Welcome to Google Cloud Community!

If this is running inside a VM instance, you need to have an additional disk wherein you can upload the files/folders that are needed by your container. You can look on this guide on how to upload files on your vm instance and this guide on adding disk for your instance.

I hope this information is helpful.

If you need further assistance, you can always file a ticket on our support team.

Thanks to @RonEtch for the response. I'd like to provide more context about my project: I'm working on deploying a Python Flask app on Google Cloud Run. In general, the deployment process is smooth, and the app runs from a Docker image. The app employs a computer vision model to detect and classify species of kangaroos, using either uploaded photos or the user's camera.

My goal is to enable access to the user's camera within the Docker image. Locally, this is achievable by adding the --device flag. However, when running the image on Google Cloud, particularly on Cloud Run, I don't have direct control over how the image is executed. Consequently, I'm exploring ways to access a device's camera from within a Docker image deployed on Google Cloud.

This won't work as you think it might.  When you are attaching the device and running the container locally, it works fine, because you are passing your webcam through directly to the container.  

When you are running on Cloud Run, you are not running on your local machine, there is no direct connectivity to the webcam, there is no local device you can map through.

Instead you will need to figure out a client side/browser mechanism to capture the users webcam and then stream that to the backend service in Cloud Run.  For example you could look into WebRTC to capture a users stream and pass it to a backend API via RTP/RTCP.  Though this is just one possible way and outside the scope of this forum.

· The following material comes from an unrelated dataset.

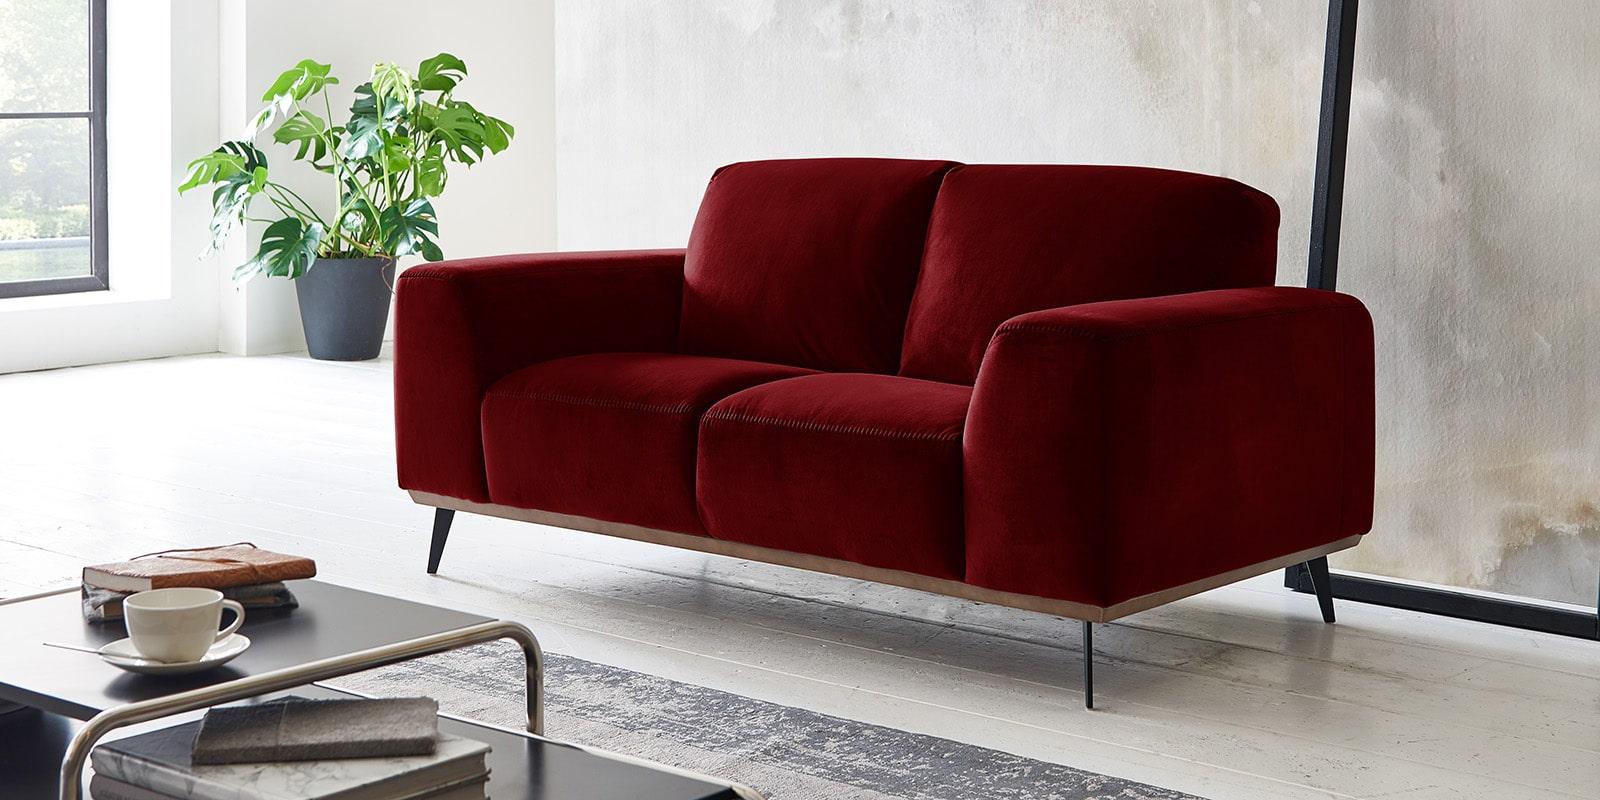 Moebella24 - 2-Sitzer - Sofa - Barcelona - Samt - Rot - Skandinavisches - Design - Punto - cavallo - Nähte

If you don't need to to stream constantly, you could also look to a client side mechanism to capture a short video record and upload it to Google Cloud Storage and then trigger a Cloud Run service to process the data.  This would be technically much easier to achieve.

Just some options that come to mind, there are many ways you could approach this, but key is that when you are running in Cloud Run, this is completely remote from the users machine and so there is no direct access to hardware as there is when you are running locally.